MATERIAL PROVIDED:
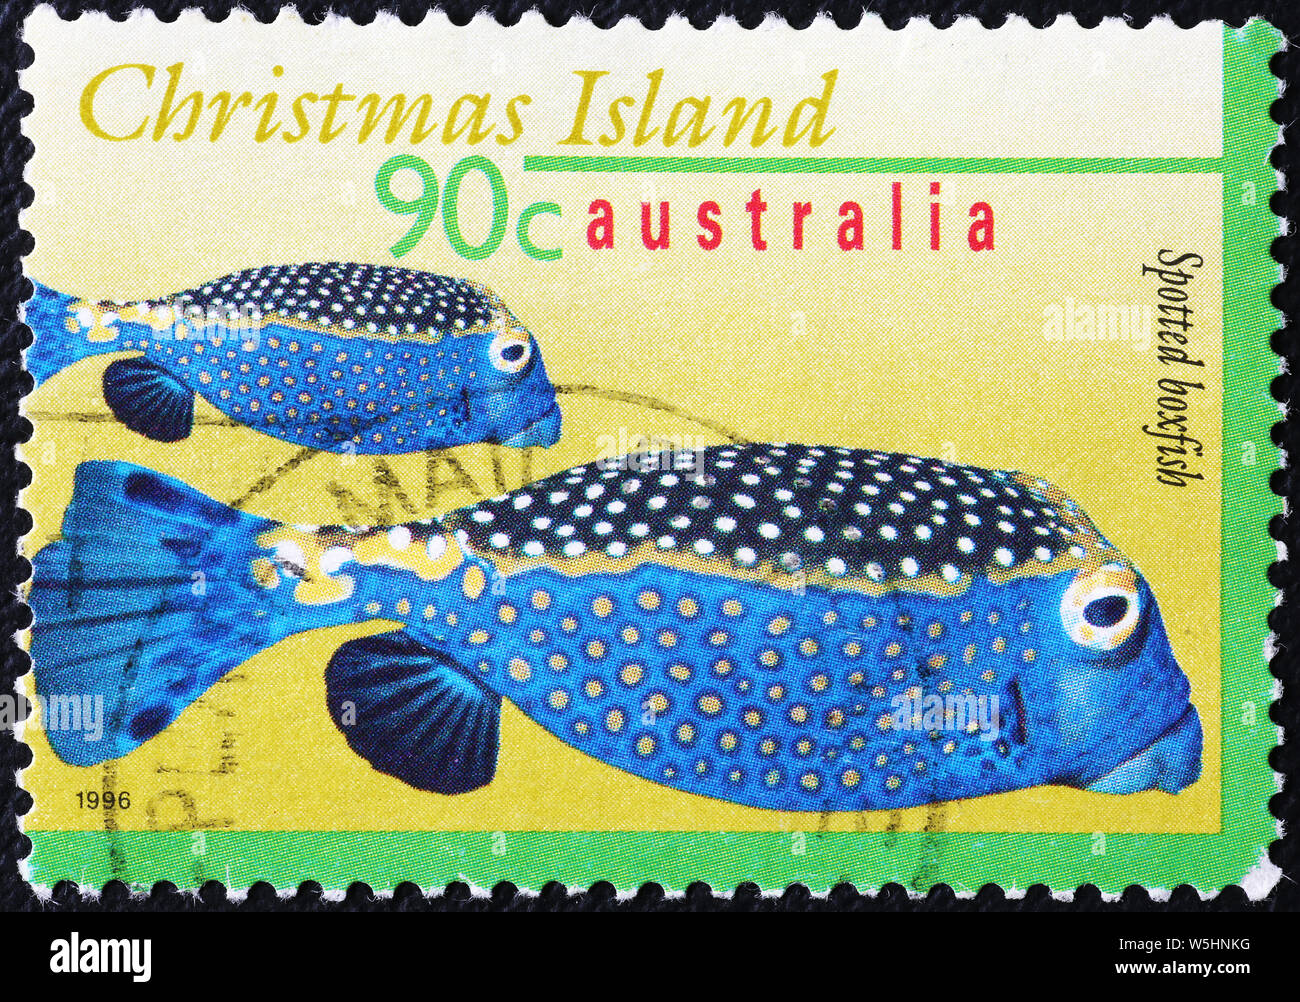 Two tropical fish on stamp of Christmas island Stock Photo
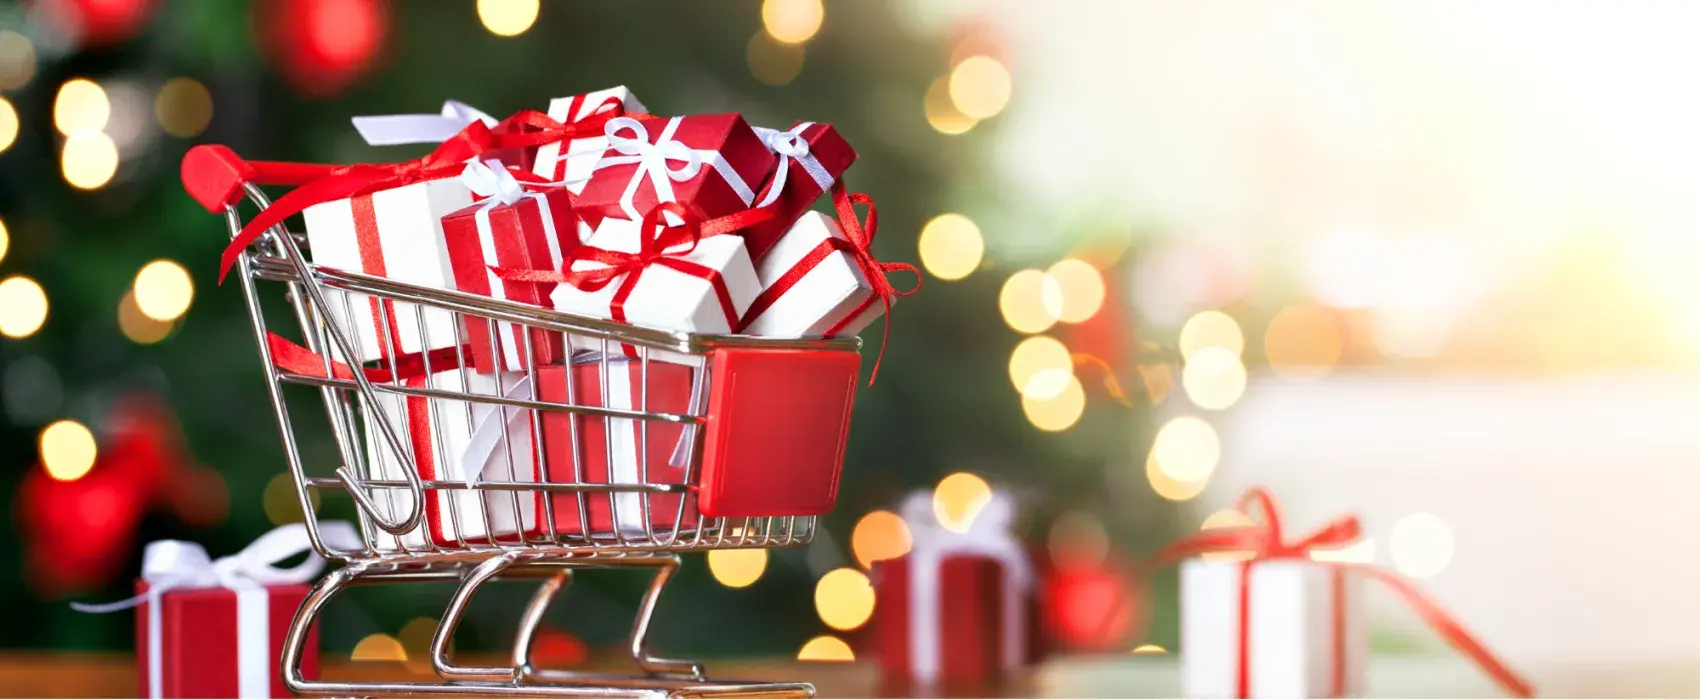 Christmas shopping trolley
---
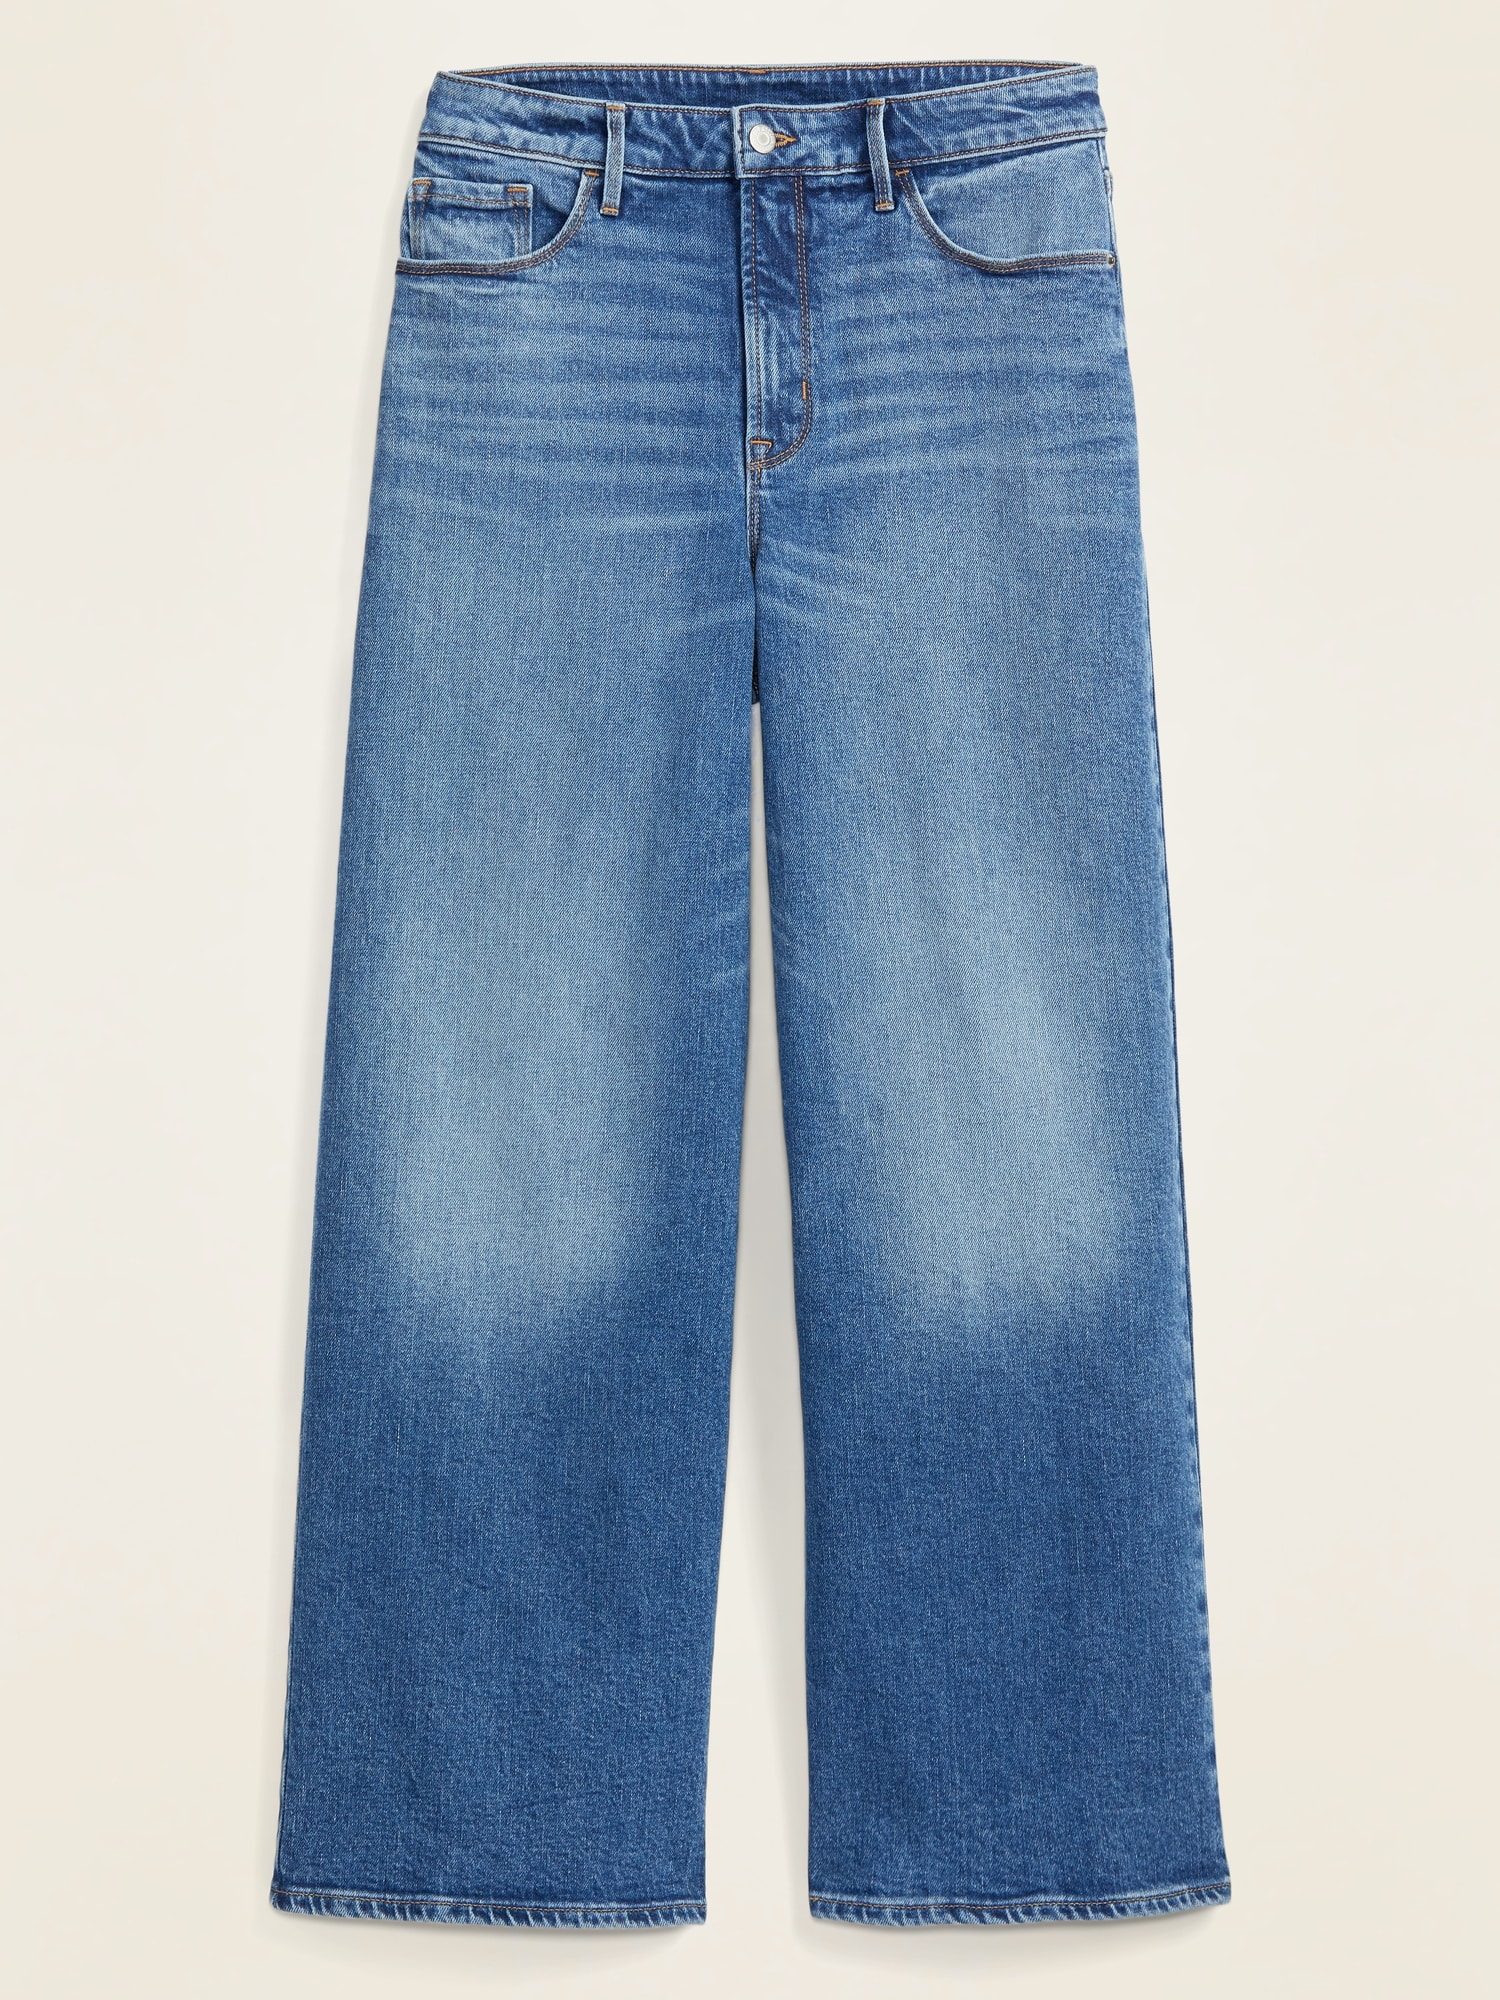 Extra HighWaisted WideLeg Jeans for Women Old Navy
--
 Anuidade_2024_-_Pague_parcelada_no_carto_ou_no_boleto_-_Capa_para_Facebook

INSTRUCTIONS TO FOLLOW: Retype, exactly and with no pictures, everything above from the line with "Two tropical fish" down to the line with "Christmas shopping trolley", both included.

OUTPUT FOR THIS EXERCISE:
 Two tropical fish on stamp of Christmas island Stock Photo
 Christmas shopping trolley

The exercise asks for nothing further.